CERN Accelerating science

BibRank Record Sorter API

Invenio Bibrank Record Sorter can be called from within your Python
programs via a high-level API and a mid-mid level API.

1. High-level API

   Description:

      The high-level access to the BibRank Record Sorter is provided
      by exactly the same function as called from the web interface
      when users submit their queries, if a rank method has been
      selected. This should guarantee exactly the same behaviour if
      the same parameters are given.

      There are three thing to note: (i) When a search is done, the
      search engine is sending a intbitset containing all the records that
      matches the query. Since only records in the intbitset are ranked, a
      intbitset must be created containing wished records to rank and be sent
      as a parameter to the function. (ii) Some rank methods may choose to
      ignore the intbitset, like the "Similar Records" function. (iii) In case
      of an error ranking the records, the returned data is different.

   Signature:

      def rank_records(rank_method_code, rank_limit_relevance,
                       hitset_global, pattern, verbose=0):
       """
       rank_method_code - 'jif', 'wrd' or other methods
       rank_limit_relevance - a number defining the threshold of which
       to rank records, may be ignored by rank method.
       hitset_global, search engine hits, if all records should be
       ranked, fill the intbitset with ones.
       pattern, search engine query or record ID, must be a
       list. ['CERN', 'fermilab'] or ['recid:12345']
       verbose, verbose level - 0-9 defines how much debug information
       should be shown

       output if successfull:
       list of records - [123, 321, 12451, 123, 12, 4]
       list of rank values - ascending, same length as the list of
       records [0, 10, 20, 30, 40, 100]
       prefix - text to show before the rank value, '<--' hides rank
       value, defined in config file.
       postfix - text to show after the rank value, '-!>' hides rank
       value, defined in config file.
       verbose_output - the debug text depending on the verbose level.

       output if error:
       list of records - is None
       list of rank values - is None
       prefix - Contains headline of error
       postfix - Error message or error box if exception.
       verbose_output - the debug text depending on the verbose level.
       """


   Examples:

      >>> # import the function:
      >>> from invenio.bibrank_record_sorter import rank_records
      >>> # rank all records with the words 'higgs boson' according to the method "wrd"
      >>> rank_records('wrd', 0, a_hitset, ['higgs', 'boson'], 0)
      >>> # find similar records to the record 12345, hitset is here ignored because of 'similar records'
      >>> rank_records('wrd', 0, a_hitset, ['recid:12345'], 0)
      >>> # rank all records based on jif value
      >>> rank_records('jif', 0, a_hitset, [], 0)

2. Mid-level API

   Description:

      Using the mid-level API, you can call directly the various methods
      for ranking. The functions will not return data in a way the search
      engine understands. They will neither find out if it is the correct
      function that is called, but return an error if wrong code/function
      is used.

   Signatures:
      def combine_method(rank_method_code, pattern, hitset, rank_limit_relevance,verbose):
      -This method calls each method mentioned in the config file and add the results together

      def find_similar(rank_method_code, recID, hitset, rank_limit_relevance,
      -This method finds similar records based on the one given in the recID field. The recID field
       must be a integer value. hitset is ignored. rank_method_code has to be 'wrd'.

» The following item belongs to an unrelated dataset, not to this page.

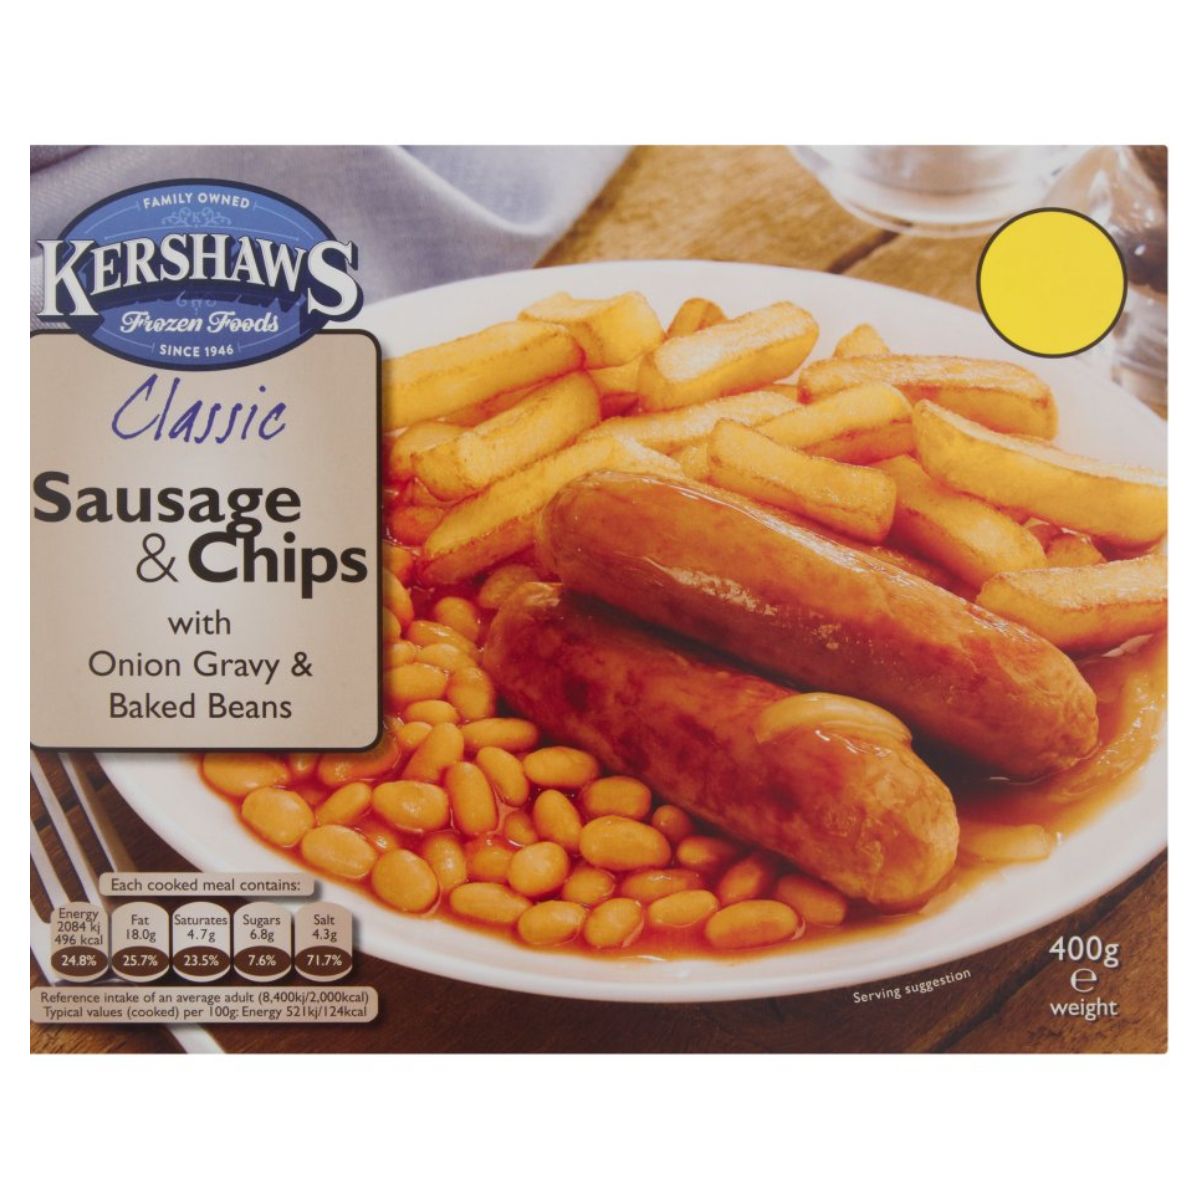 Kershaws - Classic Sausage & Chips with Onion Gravy & Baked Beans - 400g

      def word_frequency(rank_method_code, lwords, hitset, rank_limit_relevance,verbose):
      -This method ranks records based on the list of words in lwords field. rank_method_code has to be
       'wrd'. Only records in hitset is ranked.

      def rank_by_method(rank_method_code, lwords, hitset, rank_limit_relevance,verbose):
      -All other rank methods uses this function together with data from the rnkMETHODDATA table
       (a dictionary of {recid: (text, value)} to rank the data. Only records in the hitset is ranked.

      These mid-level API functions demands that the function create_rnkmethod_cache() has been called,
      since it loads the config options needed.
      The rank methods returns all the same data:
      ([[recid, value],[recid, value]], prefix, postfix, verbose_output)

   Examples:

      >>> # import the function:
      >>> from invenio.bibrank_record_sorter import find_similar
      >>> # find records similar to 12345, hitset must be full
      >>> find_similar('wrd', 12345, hitset, 0, 0)
      >>> # rank records according to a method called jif, using the single_tag...based method.
      >>> # the list of words is here ignored, only the records in the hitset are used.
      >>> rank_by_method('jif',['higgs'], hitset, 0, 0)
      >>> # rank records containing ['higgs', 'boson'] using word similarity ('wrd')
      >>> word_similarity('wrd',['higgs', 'boson'], hitset, 0, 0)
      >>> # rank records using various methods, which methods to use is read from the config file.
      >>> combine_method('cmb', ['higgs','boson'], hitset, 0, 0)